### TASK DESCRIPTION
No pictures go into the copy. Write out every line below exactly.

### DATA SECTION

***

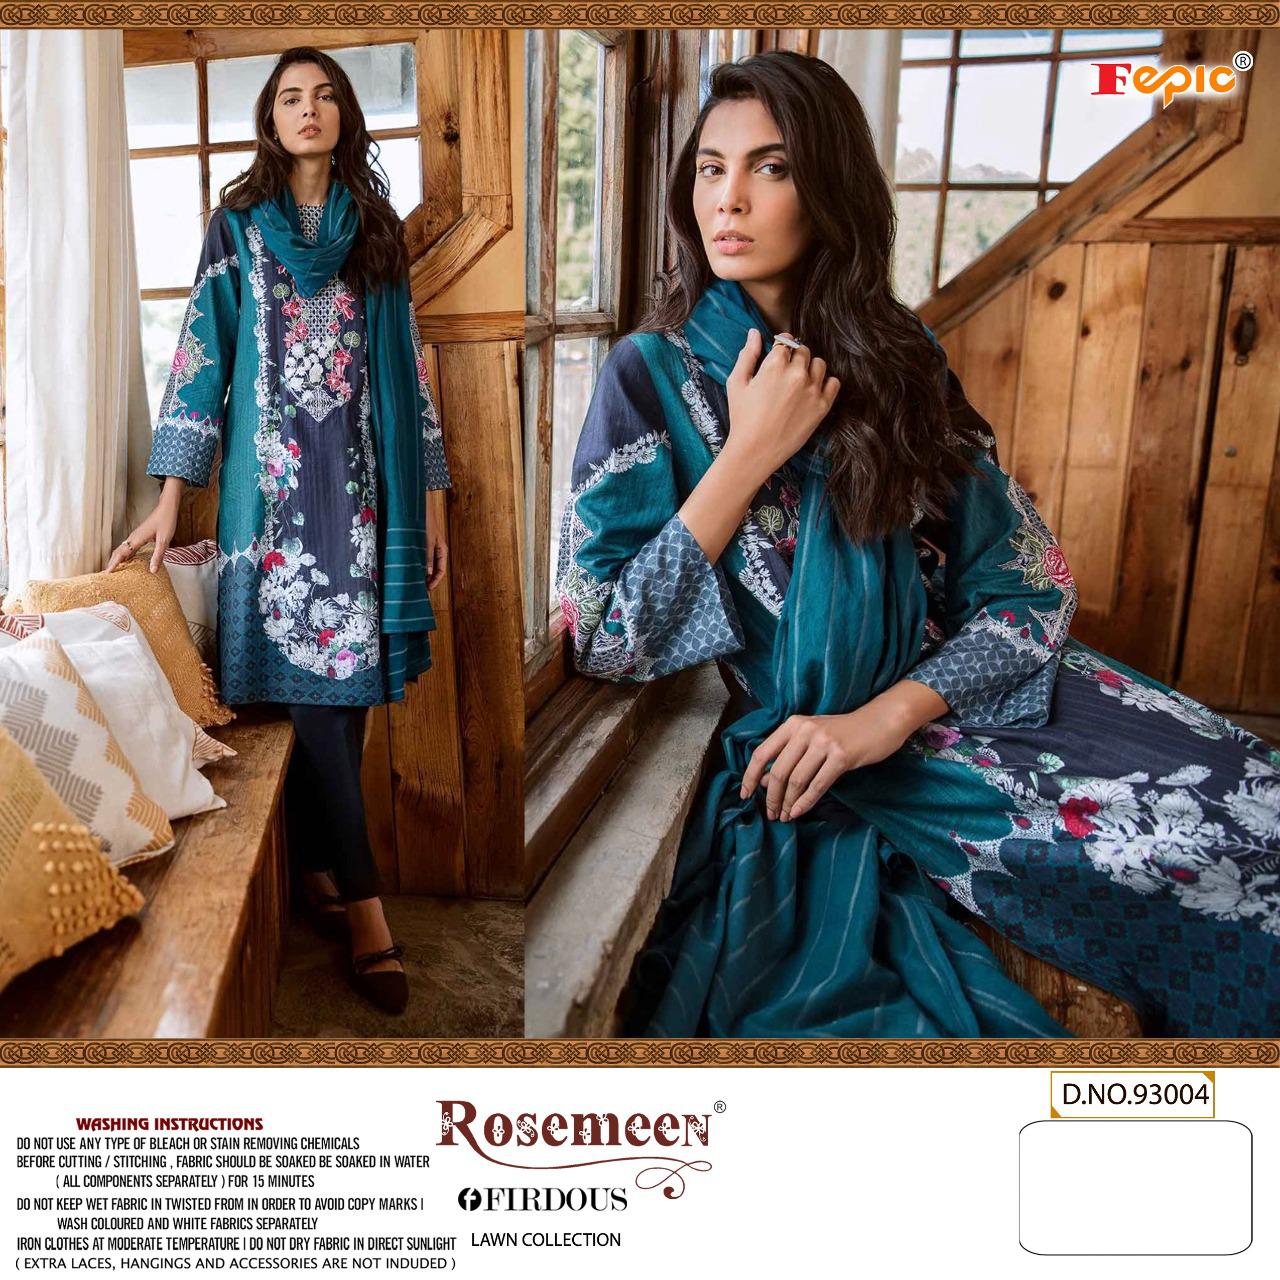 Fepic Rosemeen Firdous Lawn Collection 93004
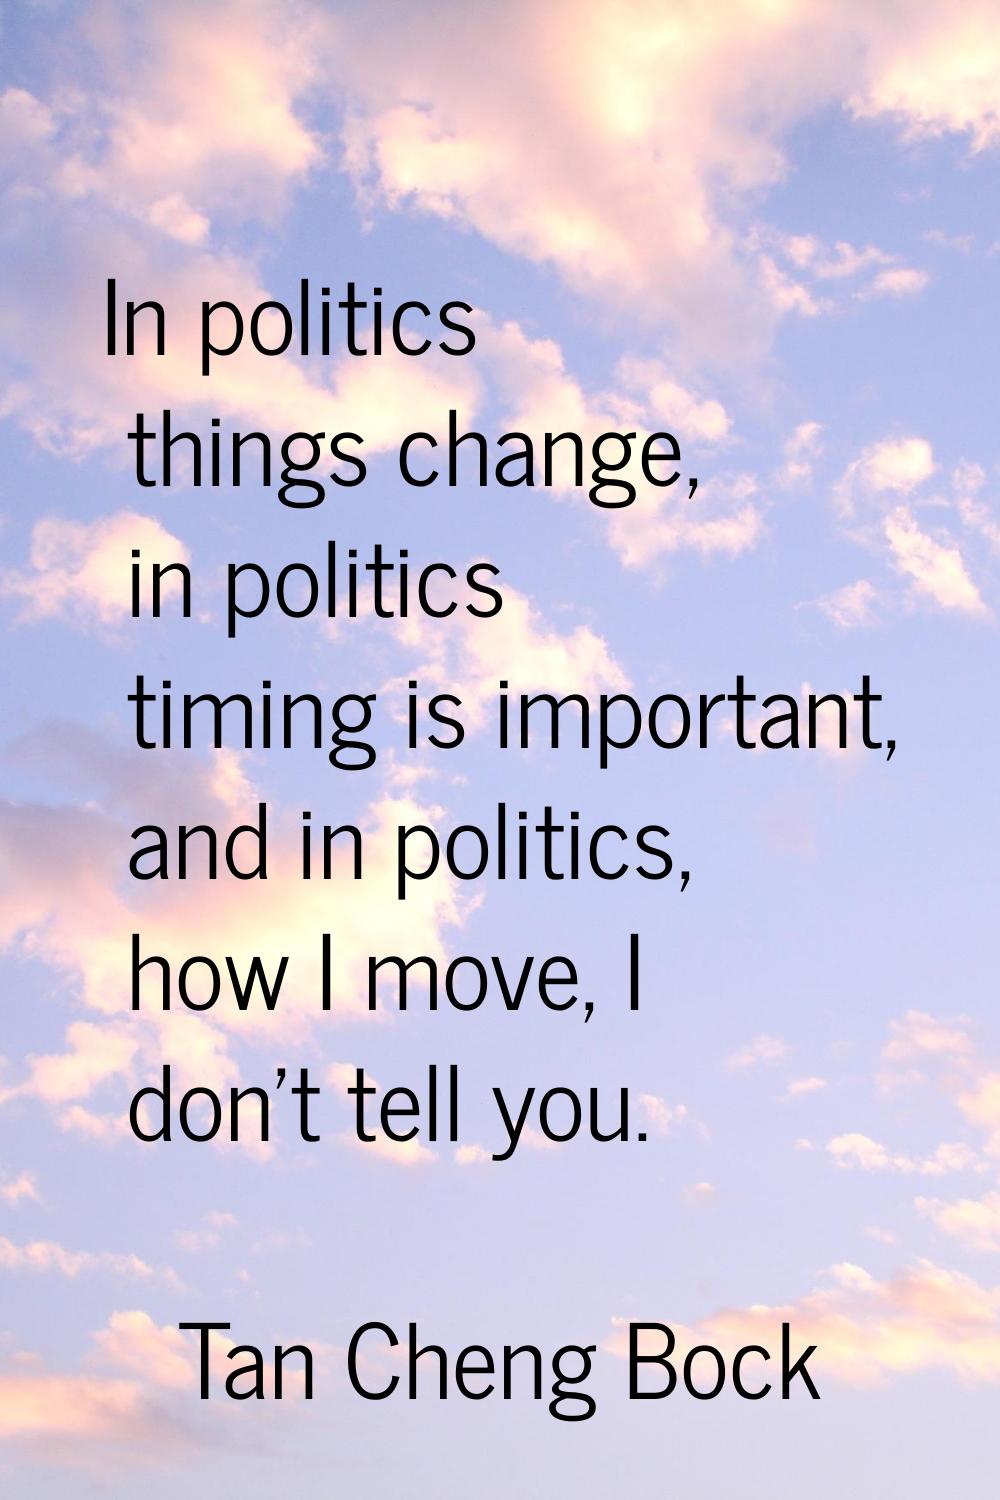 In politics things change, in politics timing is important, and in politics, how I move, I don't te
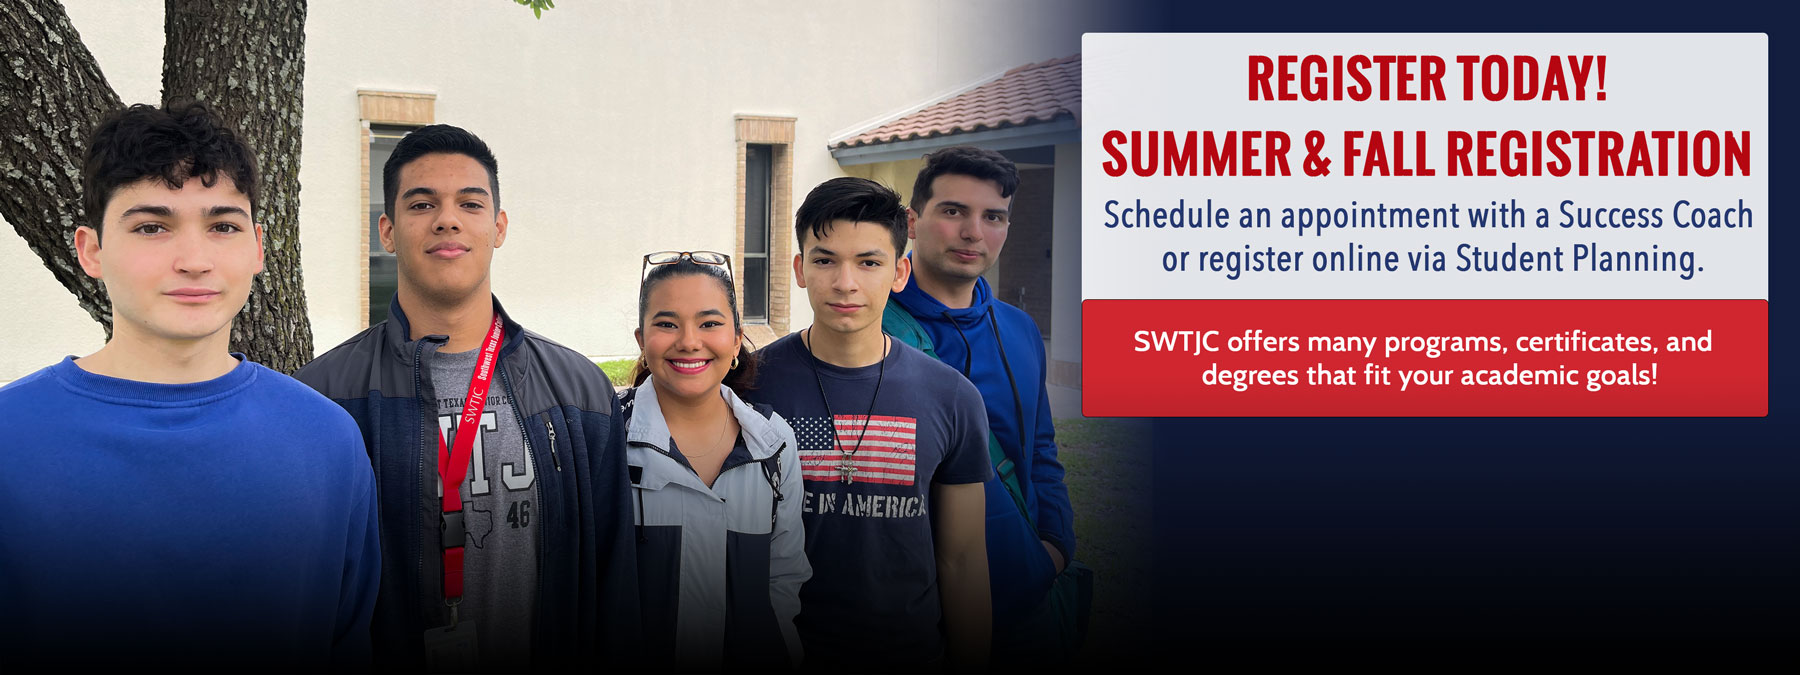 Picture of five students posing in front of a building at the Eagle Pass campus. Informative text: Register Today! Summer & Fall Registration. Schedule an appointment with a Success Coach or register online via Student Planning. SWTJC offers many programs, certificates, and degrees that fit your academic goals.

***

### TASK SOLUTION
 Fepic Rosemeen Firdous Lawn Collection 93004
 In politics things change, in politics timing is important, and in politics, how I move, I don't te
 Picture of five students posing in front of a building at the Eagle Pass campus. Informative text: Register Today! Summer & Fall Registration. Schedule an appointment with a Success Coach or register online via Student Planning. SWTJC offers many programs, certificates, and degrees that fit your academic goals.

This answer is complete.